The study, conducted by researchers from the University of Chicago, Illinois, was rather unique in its approach. Researchers cultivated prostate stem cells from young, disease-free men and then conducted a series of both in vitro and in vivo exposure tests. In the in vitro tests they exposed the human cells, in culture, to the various levels of hormones over differing periods. With the in vivo tests, however, the researchers took those same human prostate progenitor cells and grafted them to host rats. The host rats were then exposed to the different hormones for different time periods. Hormones tested included: native testosterone, estradiol and BPA, the environmental estrogen that mimics native estradiol. In both series of experiments researchers were interested in the timing and length of hormone exposure on prostate carcinogenesis. What they found was striking.

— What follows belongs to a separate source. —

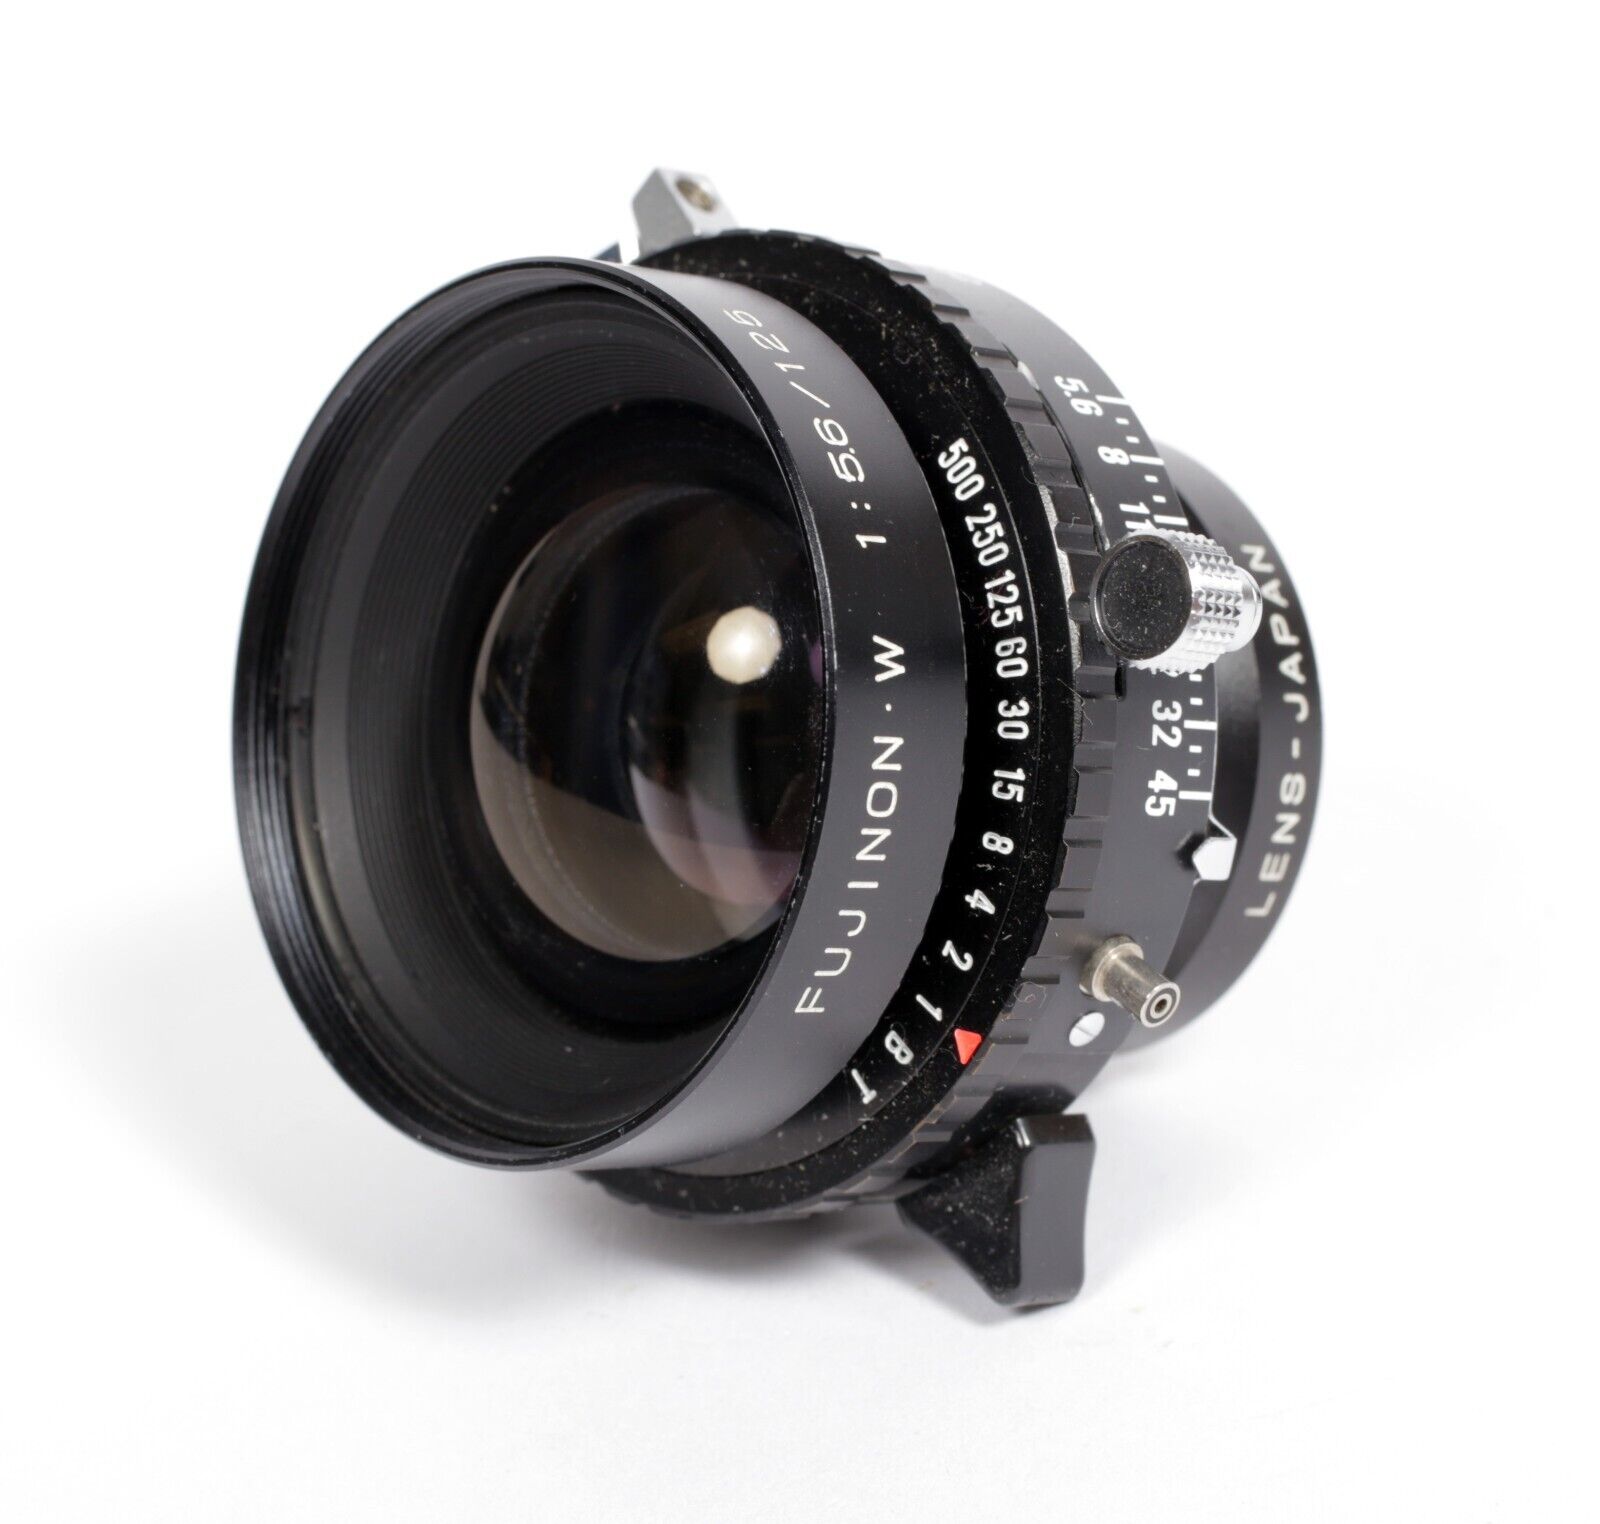 Fuji Fujinon W (black) 125mm F5.6 lens in Copal #0 shutter #107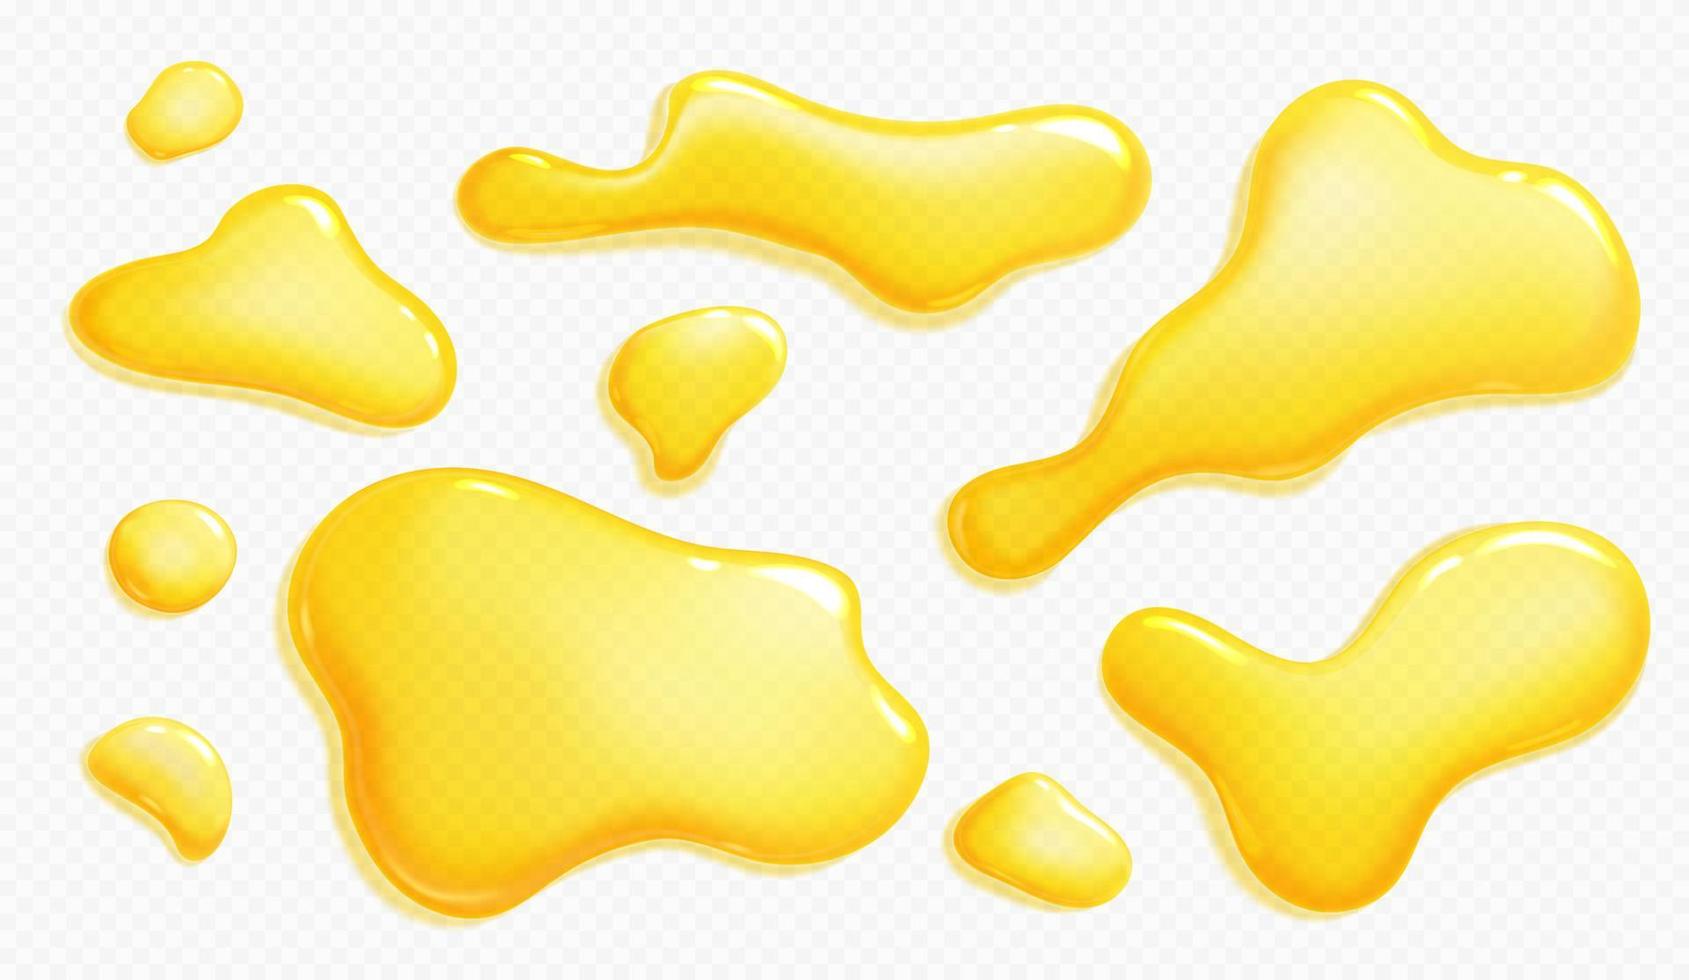 Orange juice, honey or oil spills and drops vector

Male prostate tissue, though dependent on testosterone for development, is also susceptible to native and environmental estrogens. Both types of estrogen receptors are present. Moreover, the timing and duration of estrogen exposure impacts prostate health health. Specifically, treatment of the host rodents for 1-4 months with native testosterone plus estradiol produced a relatively small incidence of cancer, only 13%. Treatment of the host rodents with BPA, however, increased the rate to 33-45%, with higher rates of carcinogenesis linked to longer exposures.
This study provides further evidence that early developmental exposure to environmental estrogens negatively affects male prostate health.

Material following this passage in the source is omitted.